Problem requirements
In the records that follow, the lines from the one containing "Drottningholm Palace Gardens" to the one containing "Раскраска пирамида для детей 3-4 лет", inclusive, are to be given again exactly.

Study material
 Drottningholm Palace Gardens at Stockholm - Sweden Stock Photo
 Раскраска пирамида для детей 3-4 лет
==
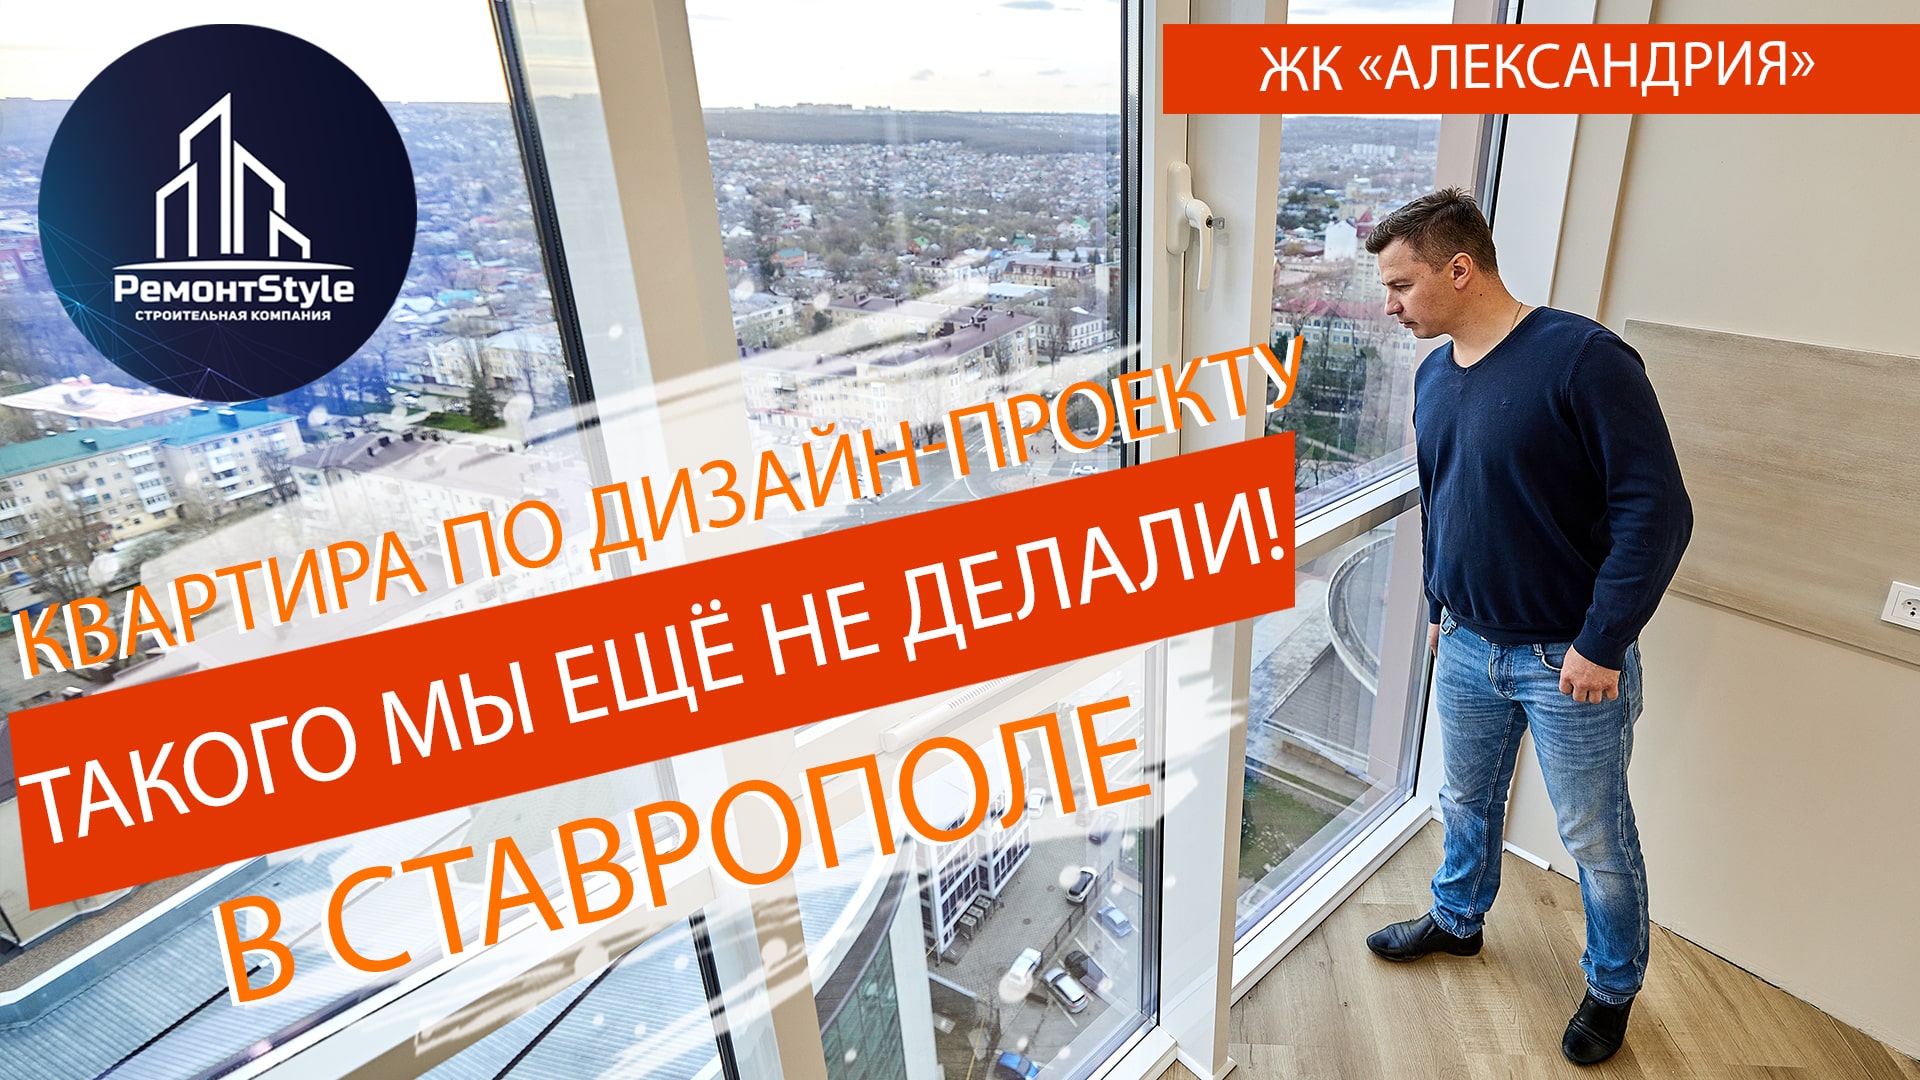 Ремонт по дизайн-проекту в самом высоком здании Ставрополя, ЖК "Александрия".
...
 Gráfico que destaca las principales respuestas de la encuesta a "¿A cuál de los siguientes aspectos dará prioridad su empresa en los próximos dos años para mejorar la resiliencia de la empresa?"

Exercise result
 Drottningholm Palace Gardens at Stockholm - Sweden Stock Photo
 Раскраска пирамида для детей 3-4 лет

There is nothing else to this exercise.